Traders can’t predict the market, but maybe their faces can

By Parmy Olson

The saying goes that our eyes are the window to the soul. Perhaps over time they’ll serve a less romantic purpose, as windows to making money.

Researchers at Carnegie Mellon University in Pittsburgh, one of the leading institutions for artificial-intelligence research, have embarked on a study using facial-recognition algorithms to track the expressions of traders. Their goal: finding correlations between mood swings and market swings. If the traders look enthusiastic, it might be time to buy. Are there more furrowed brows than usual? Could be time to sell. The provisional US patent application was filed on September 13, 2022.

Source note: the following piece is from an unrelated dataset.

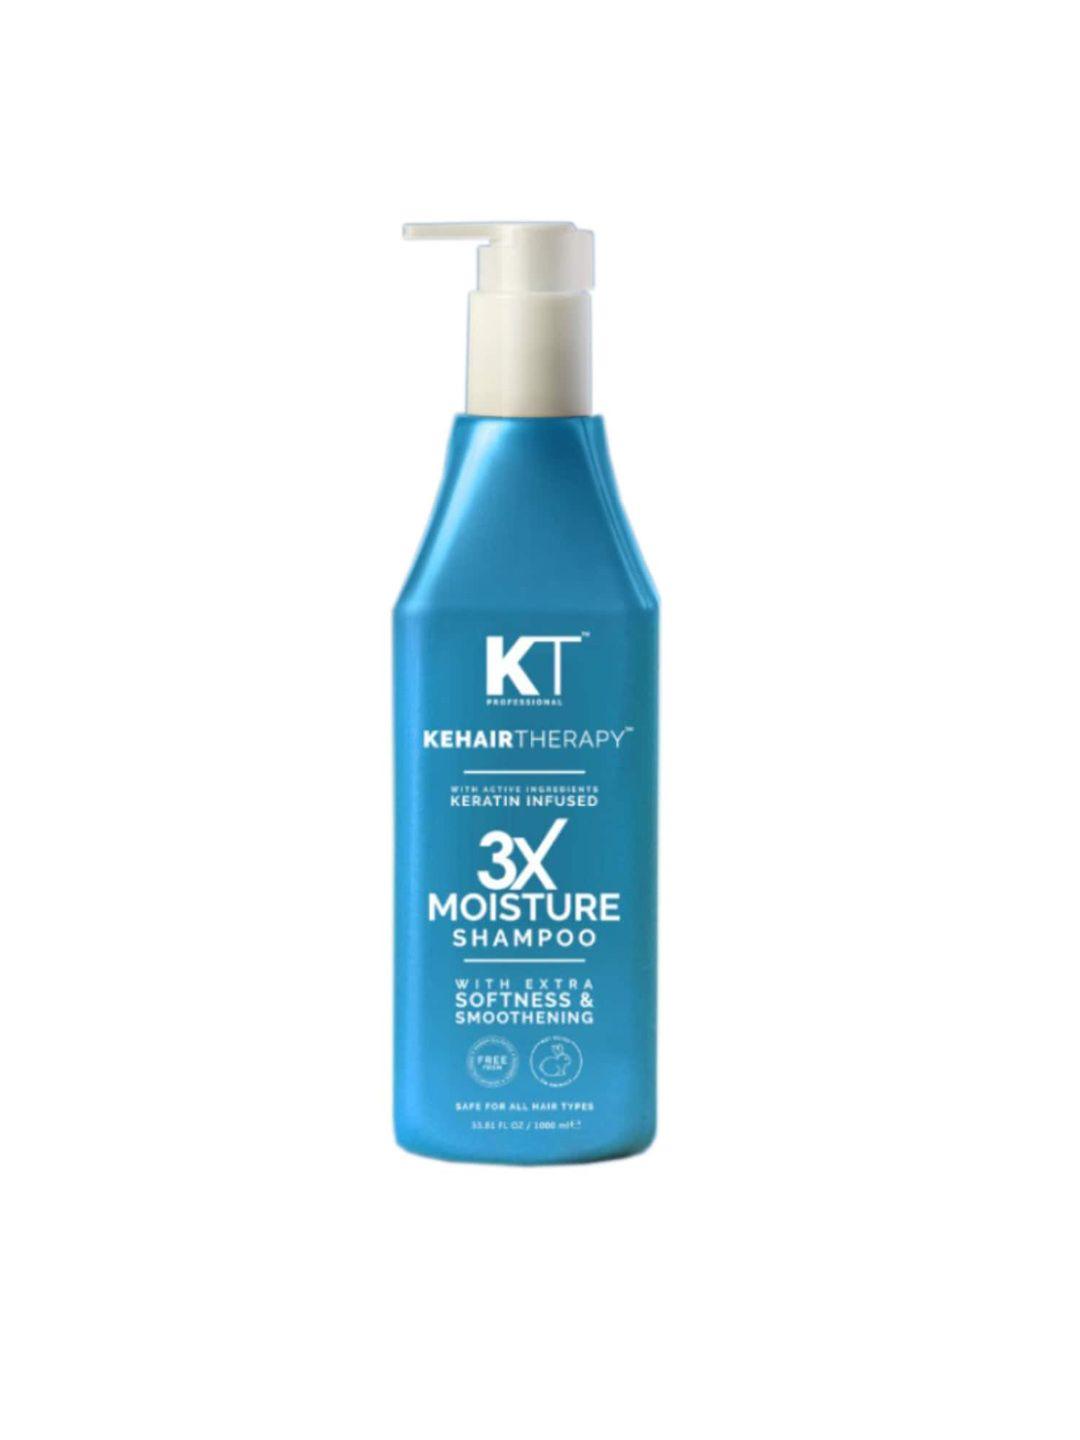 kehairtherapy keratin infused 3x moisture shampoo with extra softness - 1000 ml
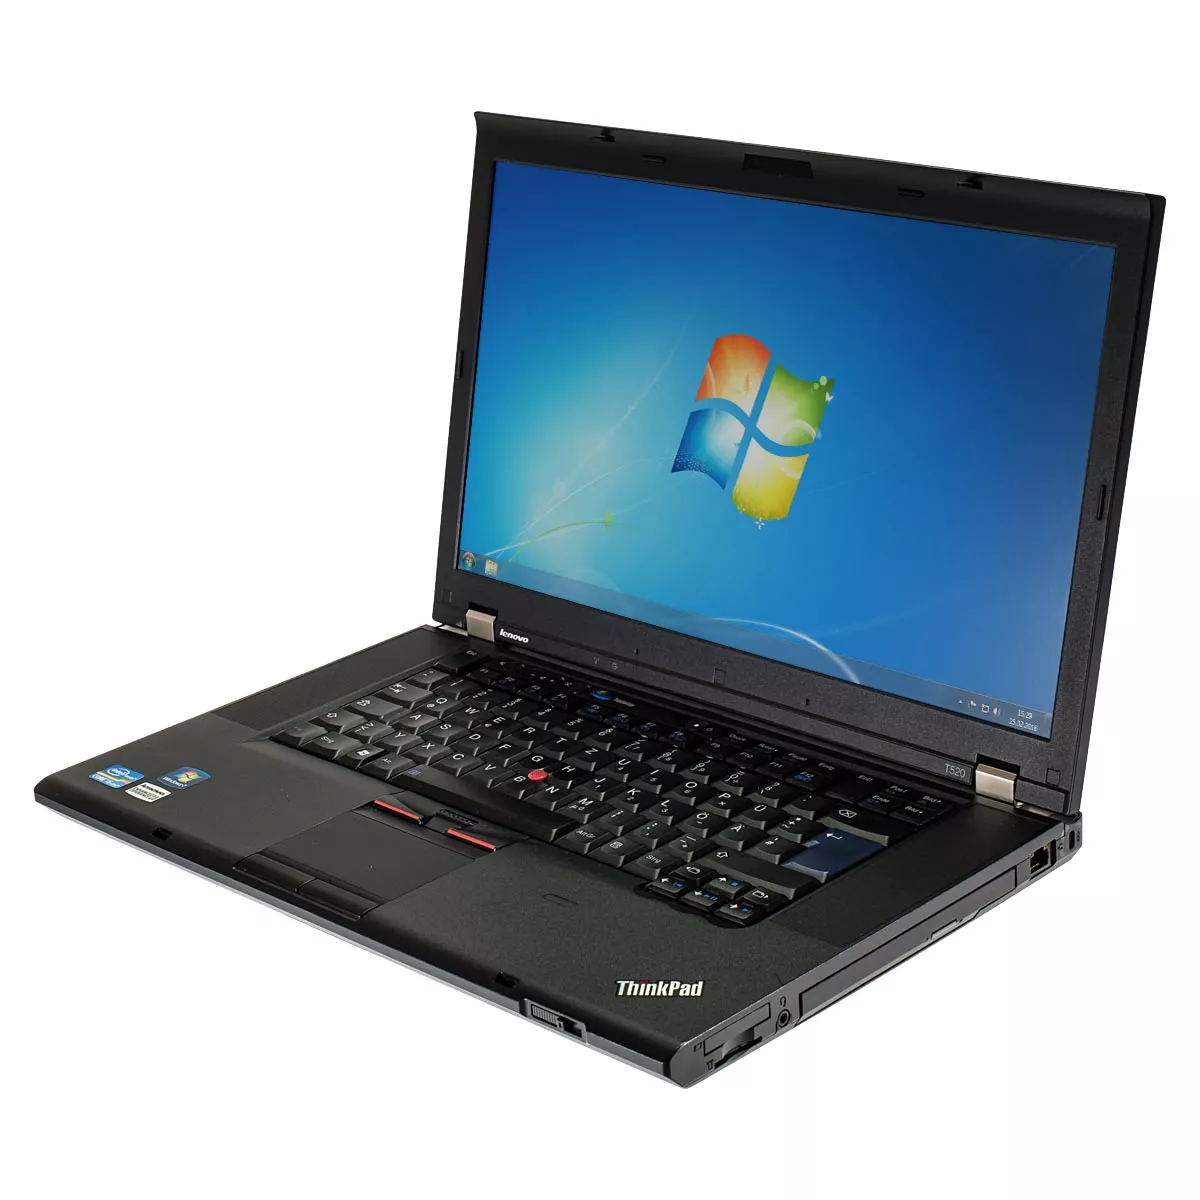 Lenovo ThinkPad W510 Quad Core i7 720Q 1,60 GHz Webcam

“The market is driven by human emotions,” says Mario Savvides, the project’s lead scientist. “What came to us is, can we abstract things like expression or movements as early indications of volatility? Everyone is getting excited, or everyone is shrugging their shoulders or scratching their head or leaning forward… Did everyone have a reaction within a five-second time frame?”

The sharemarket is driven by human emotions.
The sharemarket is driven by human emotions.Credit:AP

The main phase of the study will take place over 12 months beginning in the third quarter of 2023, and involve about 70 traders at investment firms mostly in the US. They’ll all have cameras mounted on their computers to record their faces and gestures throughout the day, according to Savvides. The cameras will be linked to software from Oosto, an Israeli company formerly known as AnyVision Interactive Technologies, which hopes to develop an alert system for trends in traders’ faces, or a volatility index it can sell to investment firms.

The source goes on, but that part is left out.